According to KSL, the anonymous woman from Cedar City, Utah, had stopped off to use the loo on 8 March when she was given the hastily written message which she was asked to pass along to the police.
“We were just on our way home from St. George and pulled over at that gas station, and I just went in to use the restroom,” the woman, who was handed the scrap of paper with a warning on it, said.
“When I came out, the lady just kind of flung the door open, she handed me the paper and said ‘please give this to police’.
“I said ‘Are you in trouble?’ and she said ‘Yes,’ and I said ‘Ok I’ll help you,’. Then she said, ‘Give this to police I have to go, he’s waiting right outside, he’s right there’ and she was like shaking.”
Pretending she was on her phone, the woman got a video of the alleged kidnapper and then saw them get into the same car, a Chevrolet Equinox, just as the other woman had written on her warning.
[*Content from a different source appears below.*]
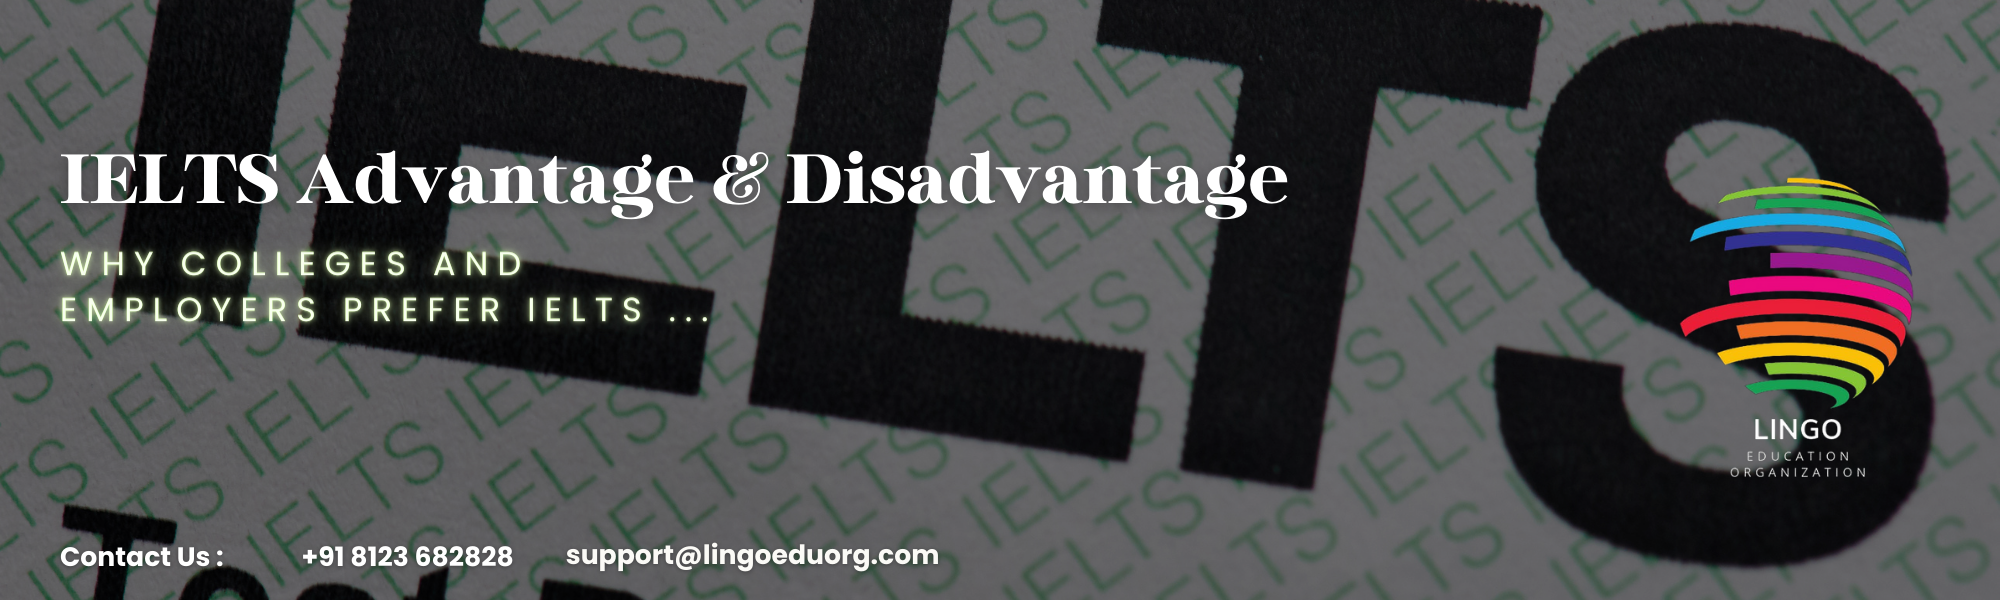 IELTS Advantage & Disadvantage
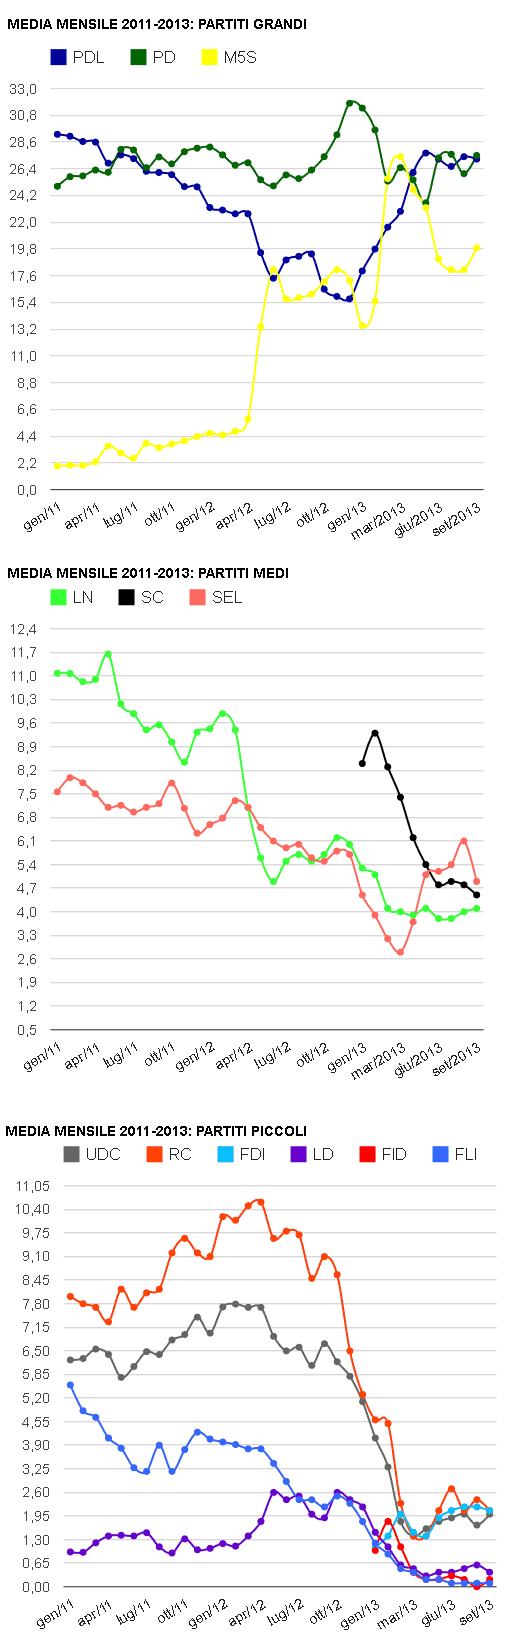 media mensile sondaggi partiti (gen/2011 - set/2013)i

Following the car so she could see the number plate, she then called the police and relayed the message.
A deputy from Iron County Sheriff’s Office pulled the car over and saw that a woman inside was ‘not behaving normally’, and the 53-year-old man was arrested.
The woman in the car told officers she’d been in a relationship with him for 25 years and he had been driving her to work that morning when he changed the route and started accusing her of cheating on him.

The other side of the message from the woman who wrote a note saying she’d been ‘kidnapped’ (KSL)
She claimed he wouldn’t let her out of the car and took her phone away so she couldn’t call anyone, while court documents record that he struck her in the face with his hand ‘causing lasting pain to her face and jaw’.
When officers first pulled him over the 53-year-old produced a fake ID, but after being read his rights he allowed officers to look in his wallet which contained his actual ID.
The woman who’d been passed the message and called the police had pulled her car over further down the road as she wanted to make sure officers wouldn’t let him drive off with the lady who said she’d been kidnapped.

The man was arrested, and at first gave a fake ID (KSL)
“I was just more worried like ‘What if she panics and says ‘I’m fine,’ – I just wanted to make sure the cops like… don’t let her go back with him, no matter what she says,” the woman who wished to remain anonymous said.